* Instructions for the task *
Return the listing below exactly. Leave its pictures out.

* Source data *
--- START ---
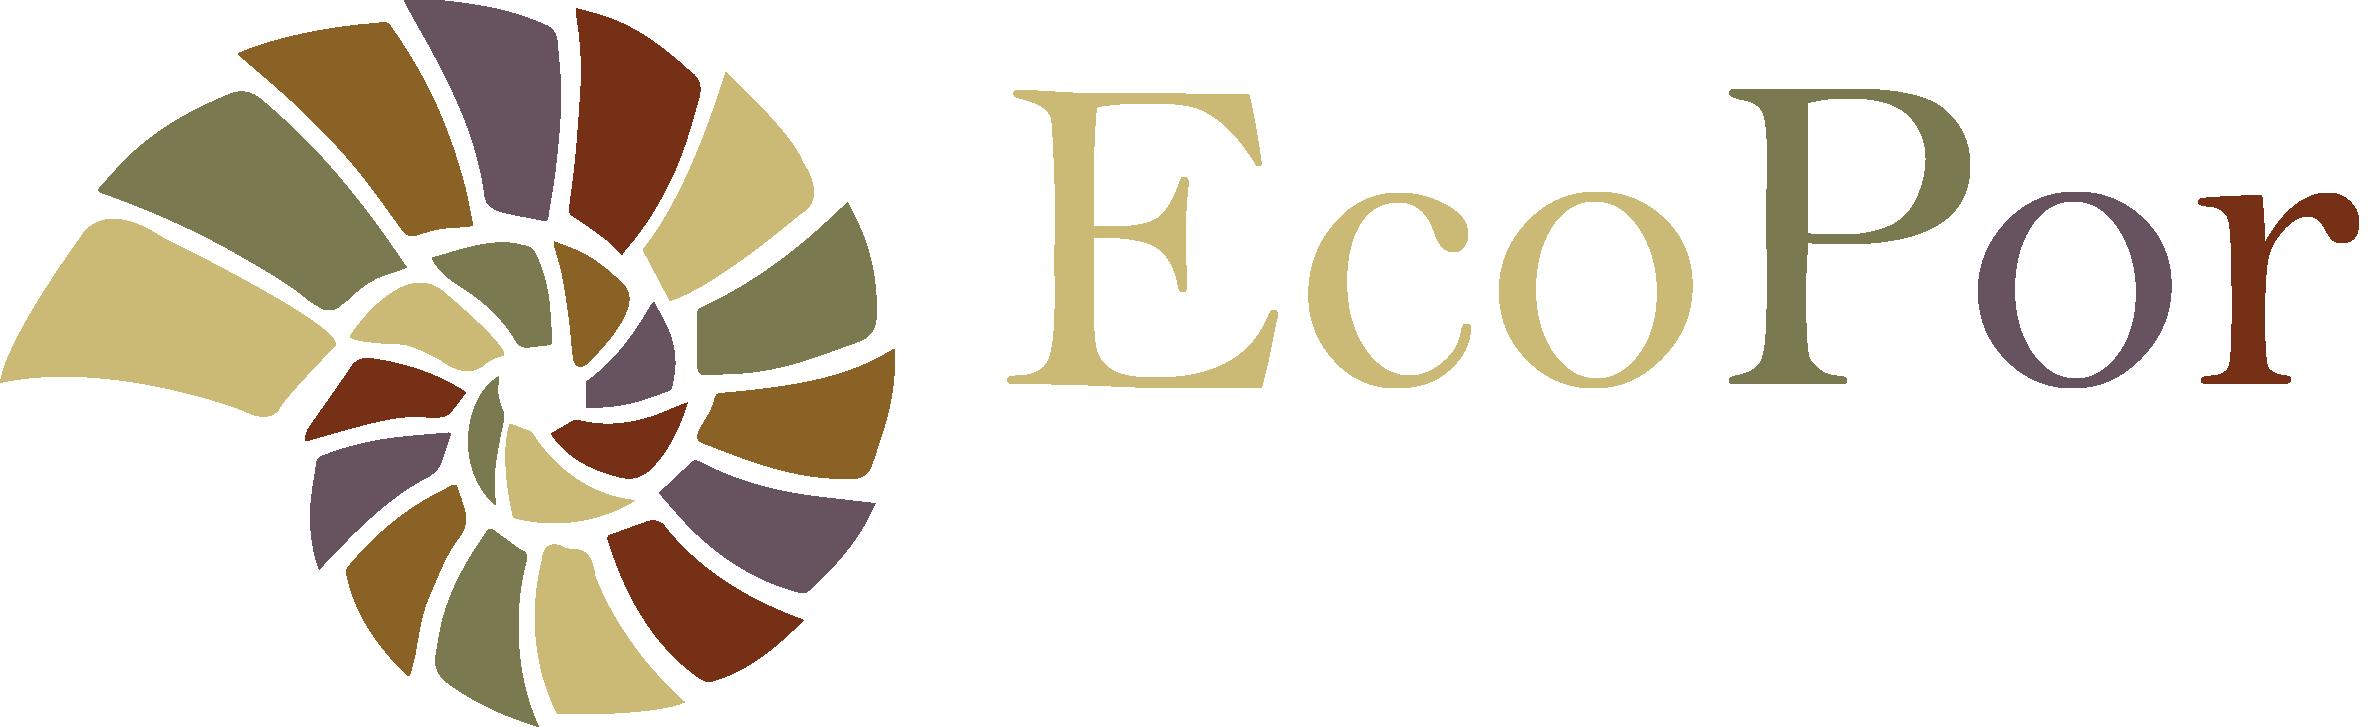 ecopor
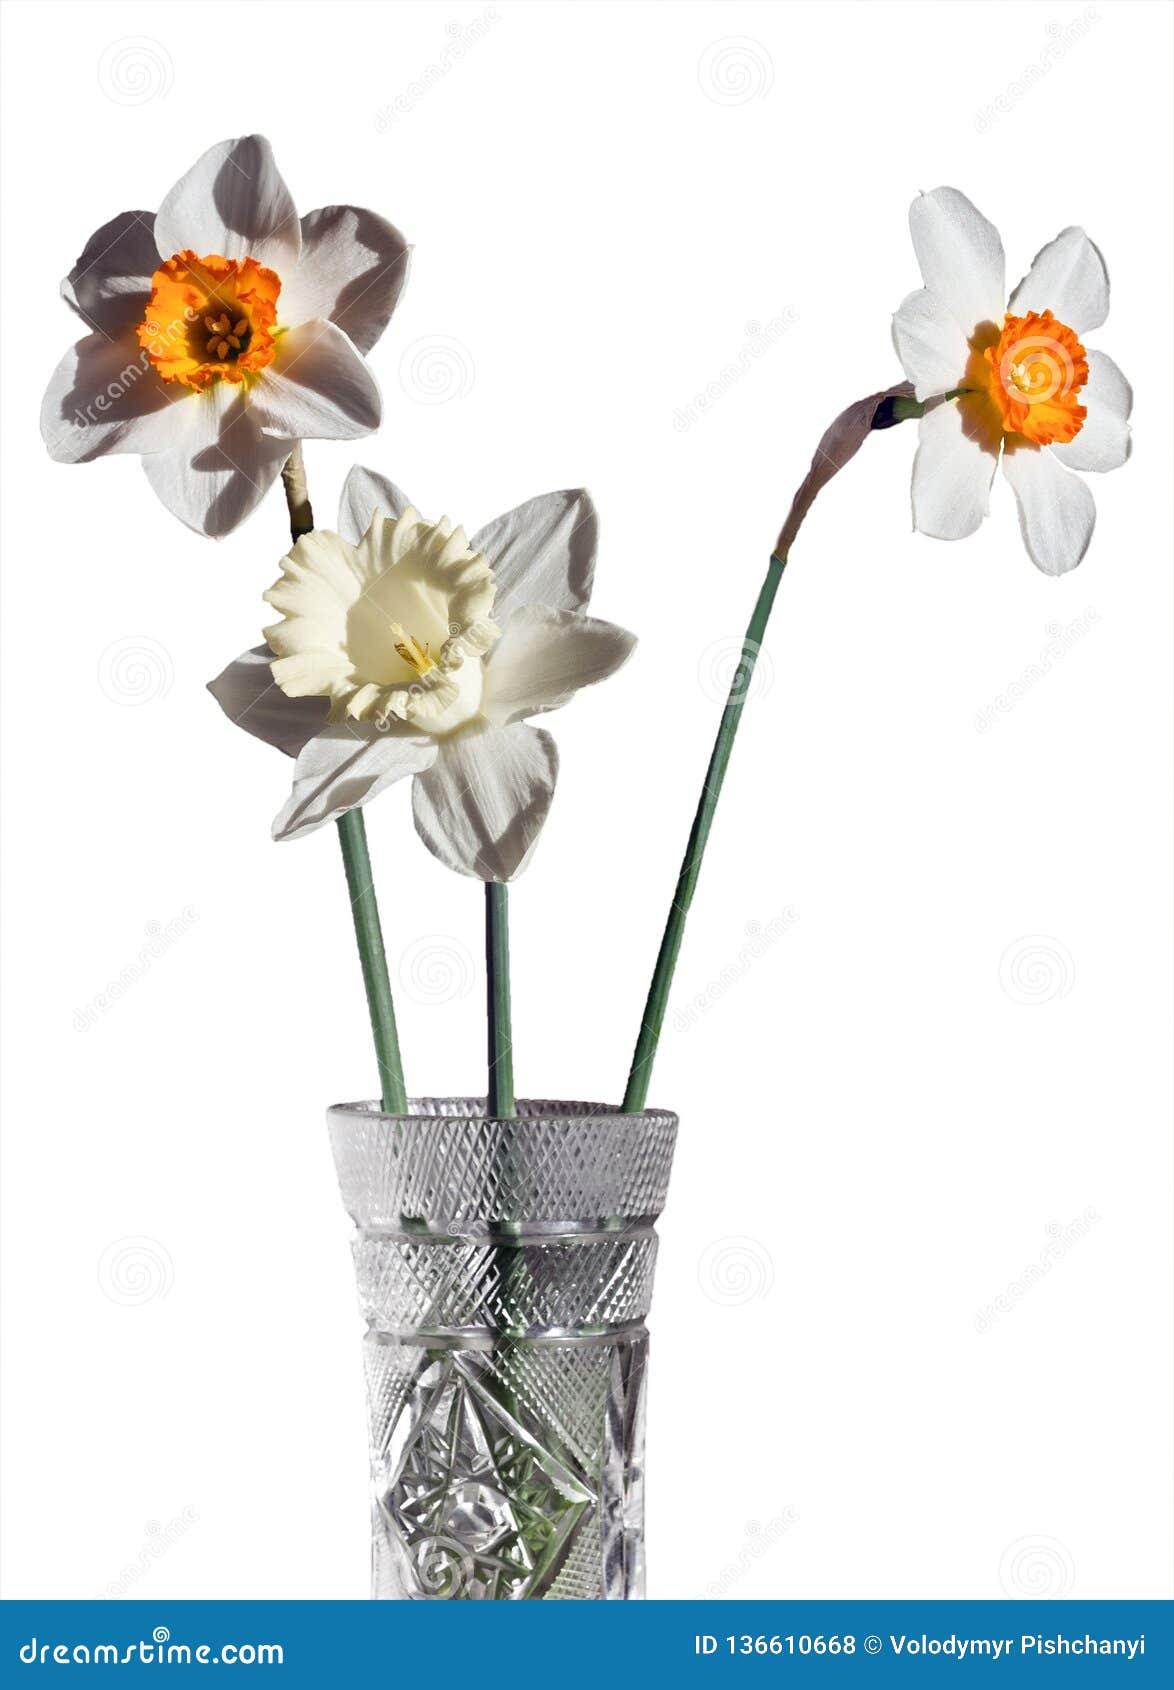 Três narcisos amarelos diferentes em um ramalhete em um vaso de cristal em um fundo branco
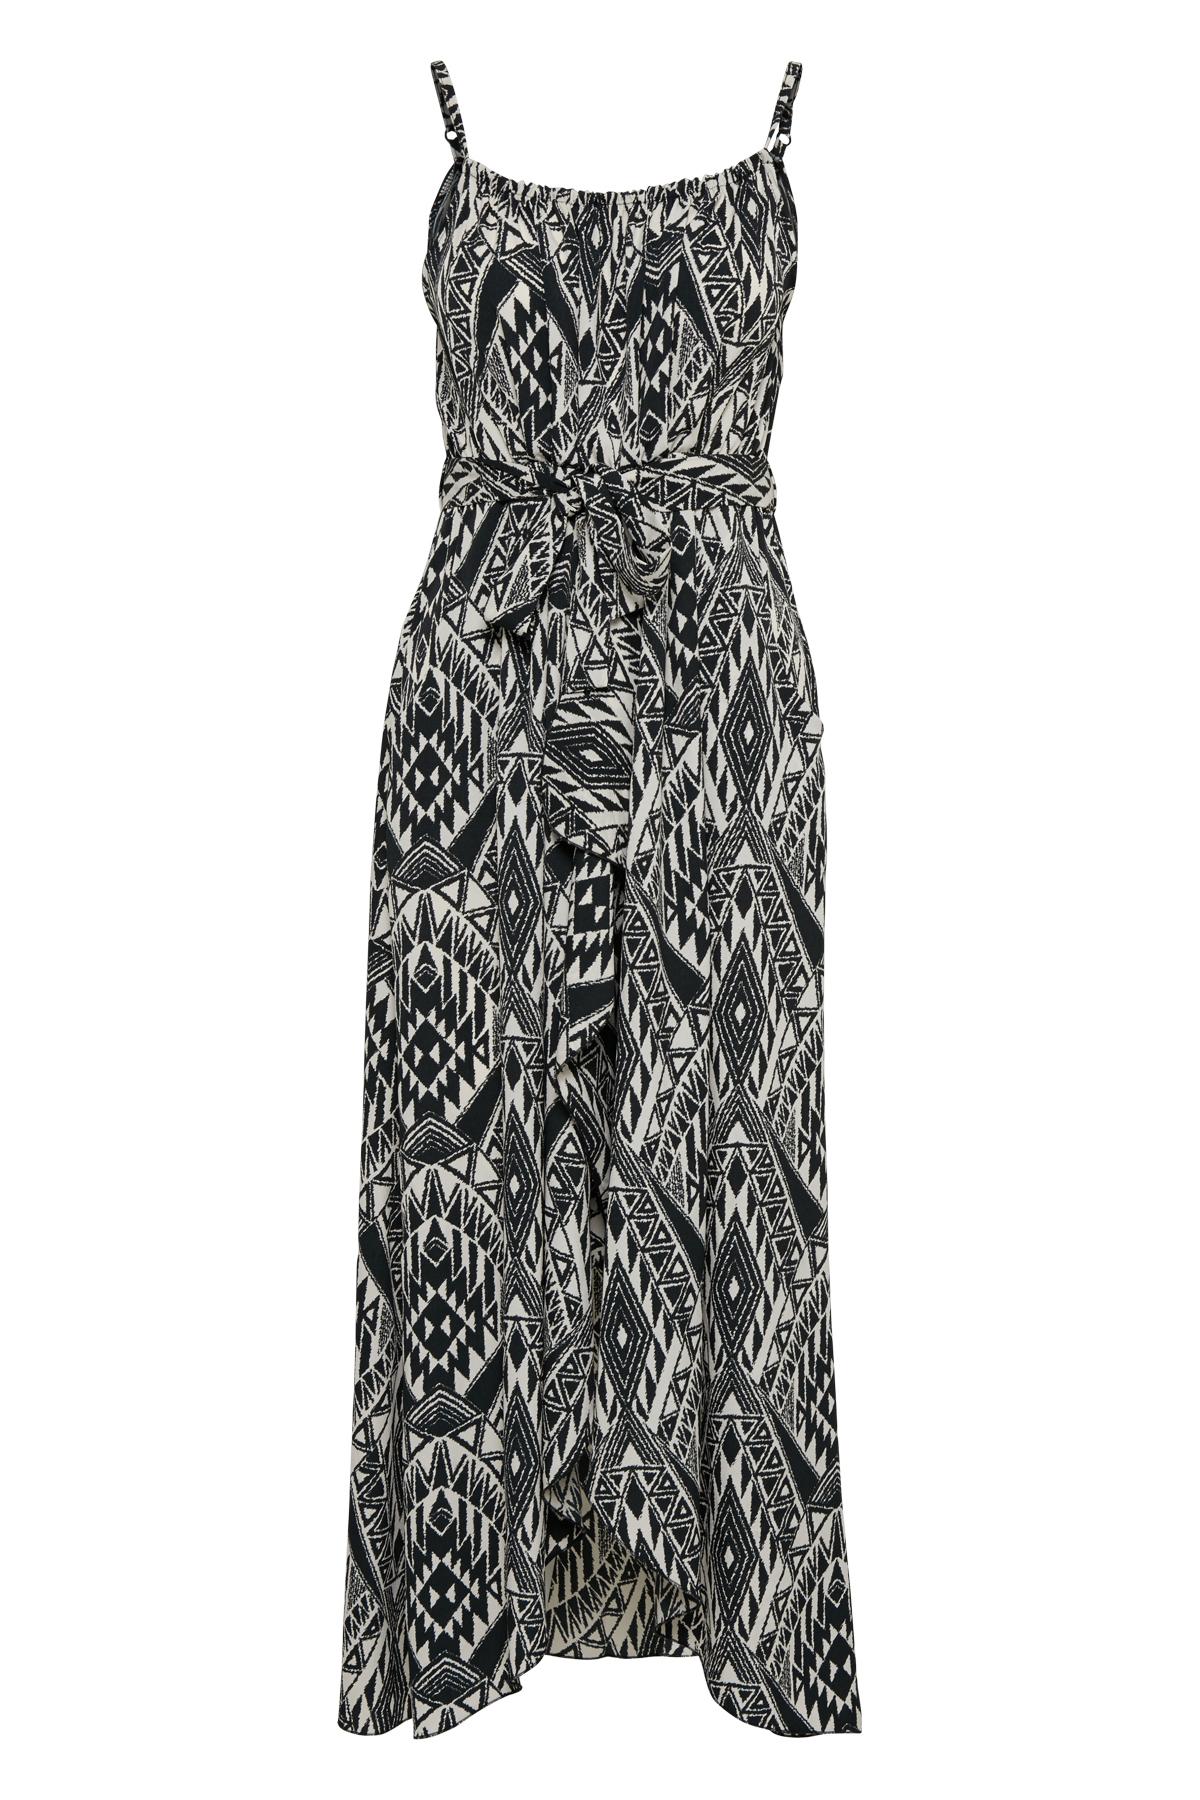 Schwarz/wollweiß Kleid von Bon'A Parte – Shoppen Sie Schwarz/wollweiß Kleid ab Gr. S-2XL hier
--- END ---
* Result of this exercise *
 ecopor
 Três narcisos amarelos diferentes em um ramalhete em um vaso de cristal em um fundo branco
 Schwarz/wollweiß Kleid von Bon'A Parte – Shoppen Sie Schwarz/wollweiß Kleid ab Gr. S-2XL hier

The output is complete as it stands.